Emission spéciale : Georges Perec (Panorama, 13 juillet 1988)

5 min

(Durée : 5'34 )

La contrainte comme moteur de l'écriture

En 1969, au lendemain de la sortie de son livre, Georges Perec revenait sur la structure du langage. Il constatait alors : 

Quand on écrit, on fait en général attention aux phrases, on essaie de moduler ses phrases. On fait attention aux mots, on choisit ses mots. Mais on ne fait pour ainsi dire pas attention aux lettres, c'est-à-dire au support graphique de l'écriture. Si l'on décide de se priver, de faire disparaître un élément dans cet alphabet [...] on va avoir une véritable catastrophe qui va se produire, pour peu que la lettre que l'on choisisse soit importante.

S'inscrivant dans la tradition de l'écriture lipogrammatique remontant au VIe siècle avant J.-C., Perec a fait de la contrainte un moteur de l'écriture. Au départ, explique-t-il, pour pallier un manque d'imagination. 

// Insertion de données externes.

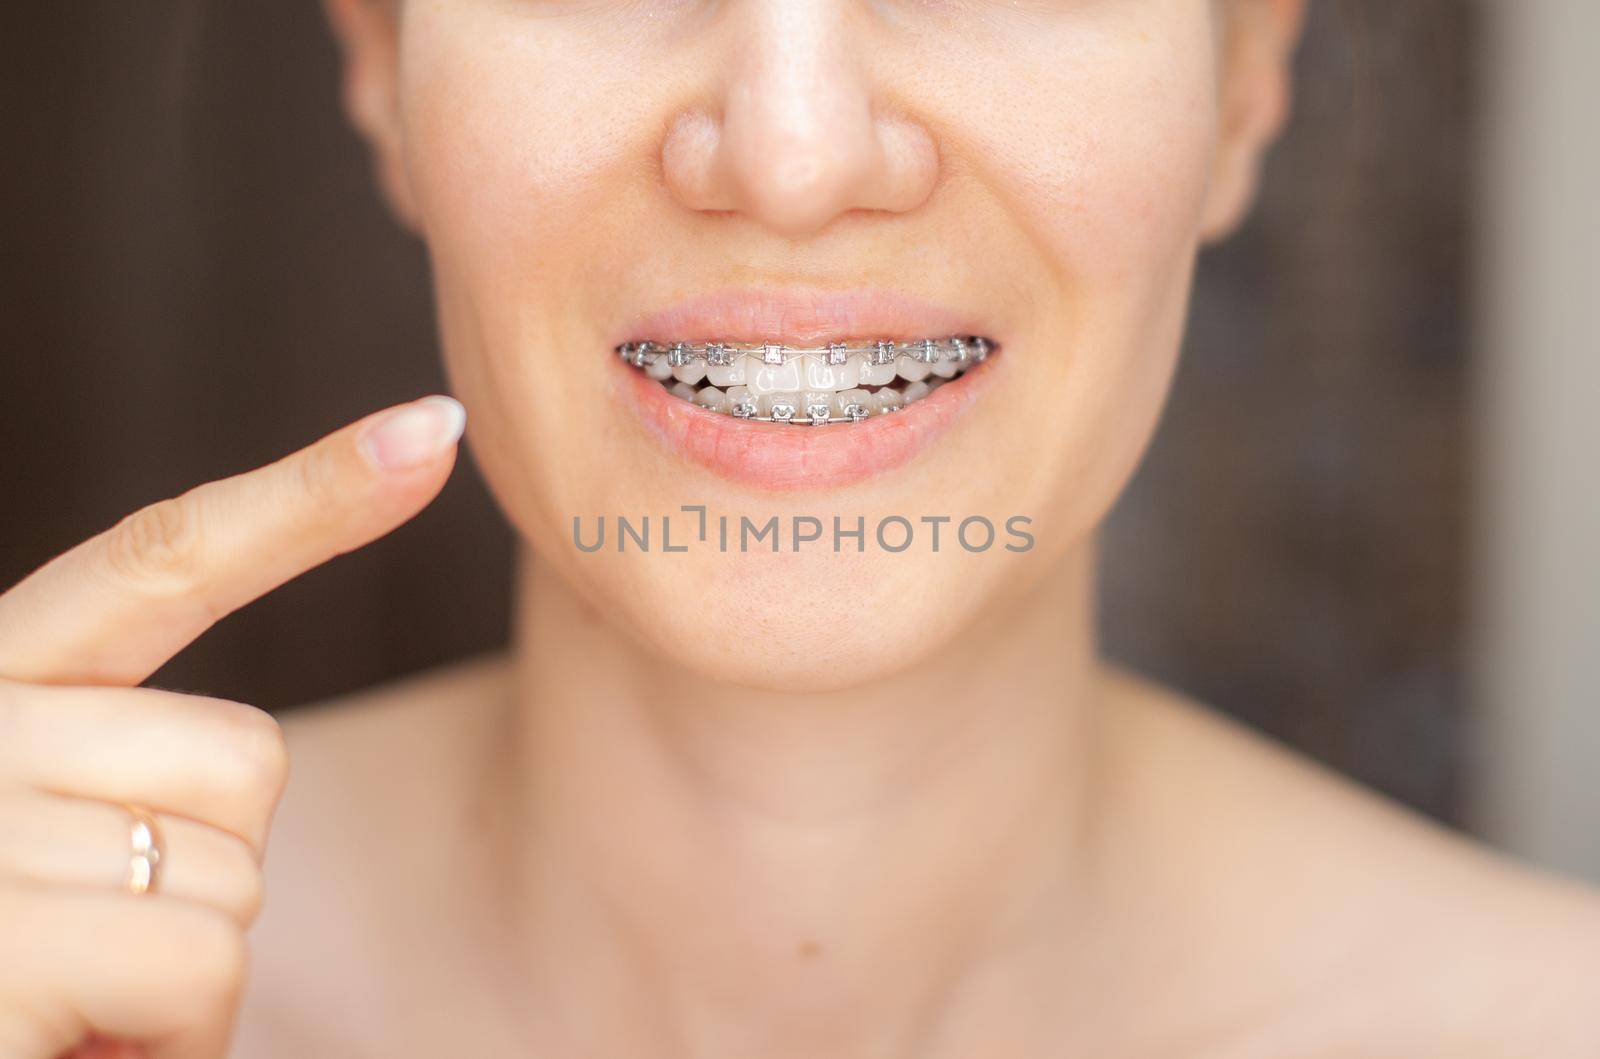 The girl points her finger at the even and white teeth with braces. by AnatoliiFoto

Car la contrainte, en même temps qu'elle dynamise le travail langagier, dynamise dans un même mouvement le travail sur la narration. Notons quand même le clin d’œil de Perec : si la voyelle "e" s'éclipse de la page, le personnage de La Disparition s'appelle _"_Anton Voyl". Une homophonie qui en dit long. Deuxième clin d'oeil : quelques années plus tard, en 1975, Perec mettra en exergue de W ou le souvenir d'enfance la mention : "Pour E".